- Genre: Historical fiction
- Written by: Dick Clement Alan Furst Ian La Frenais
- Directed by: Coky Giedroyc (3 episodes); Weronika Migon (2 episodes); Kiaran Murray-Smith (2 episodes);
- Starring: David Tennant; Janet Montgomery; Marcin Dorociński; Mirosław Zbrojewicz; Ellie Haddington; Burn Gorman; Radosław Kaim; Linda Bassett; Allan Corduner; Anton Lesser;
- Composer: Rob Lane
- Country of origin: United Kingdom
- Original language: English
- No. of series: 1
- No. of episodes: 4

Production
- Executive producer: Richard Fell
- Production locations: Kraków, Warsaw
- Cinematography: Wojciech Szepel
- Running time: 180 minutes total
- Production companies: Apple Film Productions; Arte France; Fresh Pictures; TVP1;

Original release
- Network: BBC Four
- Release: 9 January – 16 January 2013

= Spies of Warsaw (TV series) =

British espionage drama

Spies of Warsaw is a British television miniseries in which a Deuxième Bureau intelligence agent (spy) poses as a military attaché at the French embassy in Warsaw, and finds himself drawn into the outbreak of World War II.

The television series takes its name from its source, The Spies of Warsaw, a 2008 spy novel by Alan Furst. The book was adapted for television in 2013 as a co-production of TVP1, BBC Four, BBC America, and ARTE and premiered in January in the United Kingdom and in April in the United States. It starred David Tennant as the protagonist Colonel Jean-François Mercier and Janet Montgomery as his love interest Anna Skarbek. As in other Alan Furst novels, the fictional Parisian restaurant Brasserie Heininger serves as one of the settings for dialogue.

==Cast==
===Main===
Main cast includes:
- David Tennant - Jean-François Mercier
- Janet Montgomery - Anna Skarbek
- Marcin Dorociński - Antoni Pakulski

===Support===
Support cast includes:
- Mirosław Zbrojewicz - Marek
- Ellie Haddington - Madame Dupin
- Burn Gorman - Jourdain
- Radosław Kaim - August Voss
- Linda Bassett - Malka Rosen
- Allan Corduner - Viktor Rosen
- Anton Lesser - Doctor Lapp
- Piotr Baumann - Maxim Mostov
- Jan Pohl - Zoller
- Richard Lintern - Colonel Lessard
- Julian Glover - General Beauvilliers
- Fenella Woolgar - Lady Angela Hope
- Richard Teverson - Roddy Fitzware
- Tuppence Middleton - Gabrielle
- Tusse Silberg - Helena Skarbek
- Gregg Lowe - Young German Soldier
- Grazyna Zielinska - Wladzia
- Grzegorz Emanuel - Weasel
- Nicholas Blane - Papa Heiniger
- Dan Fredenburgh - Armand
- Julian Harries - Duff Cooper
- Ziggy Heath - Kazimir
- Bogdan Koca - Leszek
- Adam Godley - Julius Halbach
- Nicholas Murchie - Johannes Elter

==Episodes==
There are four episodes, which have also aired as a two-part series.

==Reception==
The two-part drama received some positive reviews in the UK, especially for the script and acting, although The Guardian described it as "pallid as much of the washed-out photography".

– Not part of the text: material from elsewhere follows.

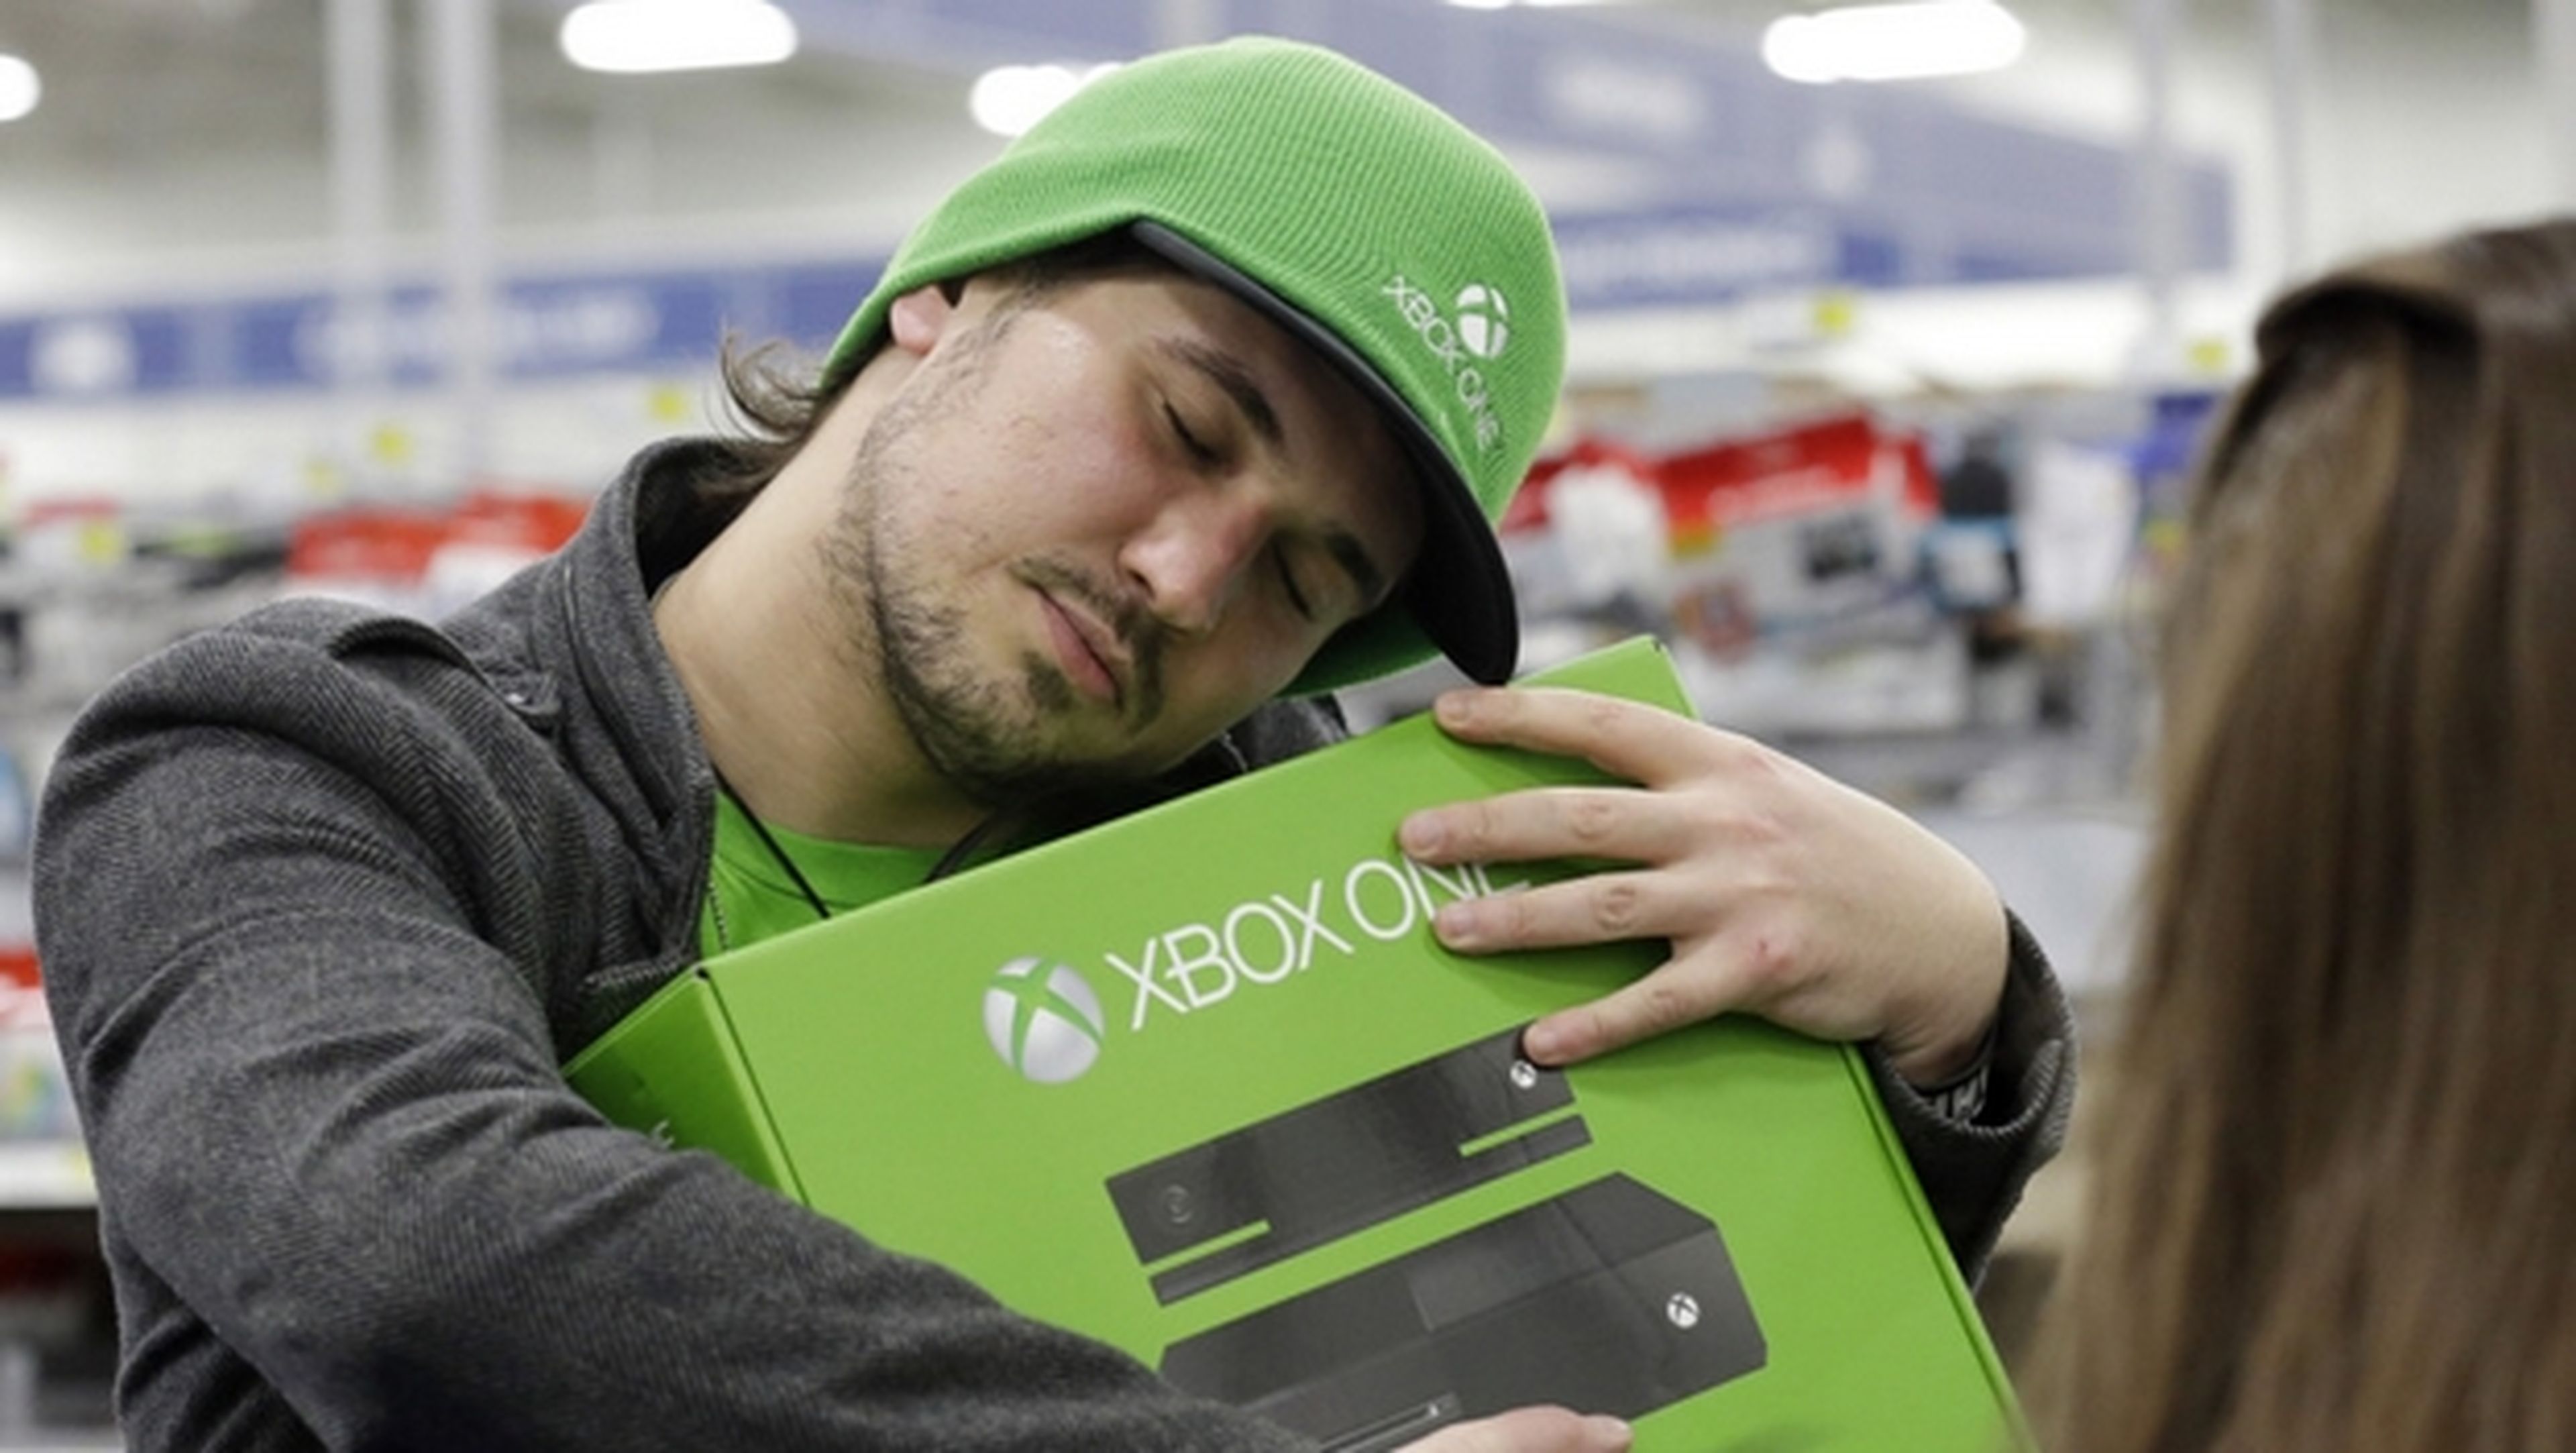 Microsoft reemplaza consolas Xbox One con exceso de ruido.

The Telegraph liked the series for many features: appropriateness for "intergenerational shared viewing, never... too visually brutal, and the playing of the minor characters... was convincingly understated". The Guardian complained: "It should have been the perfect spy thriller. It had everything. Except tension".

The New York Times found the series an "enjoyable, straightforward espionage tale without a lot of twists or extra layers" but deemed it "true to the original in story and in spirit", though slow-moving, and the Boston Globe thought it "a strangely bloodless affair".

Rotten Tomatoes rated the television series 64% from critics and 50% from average audience.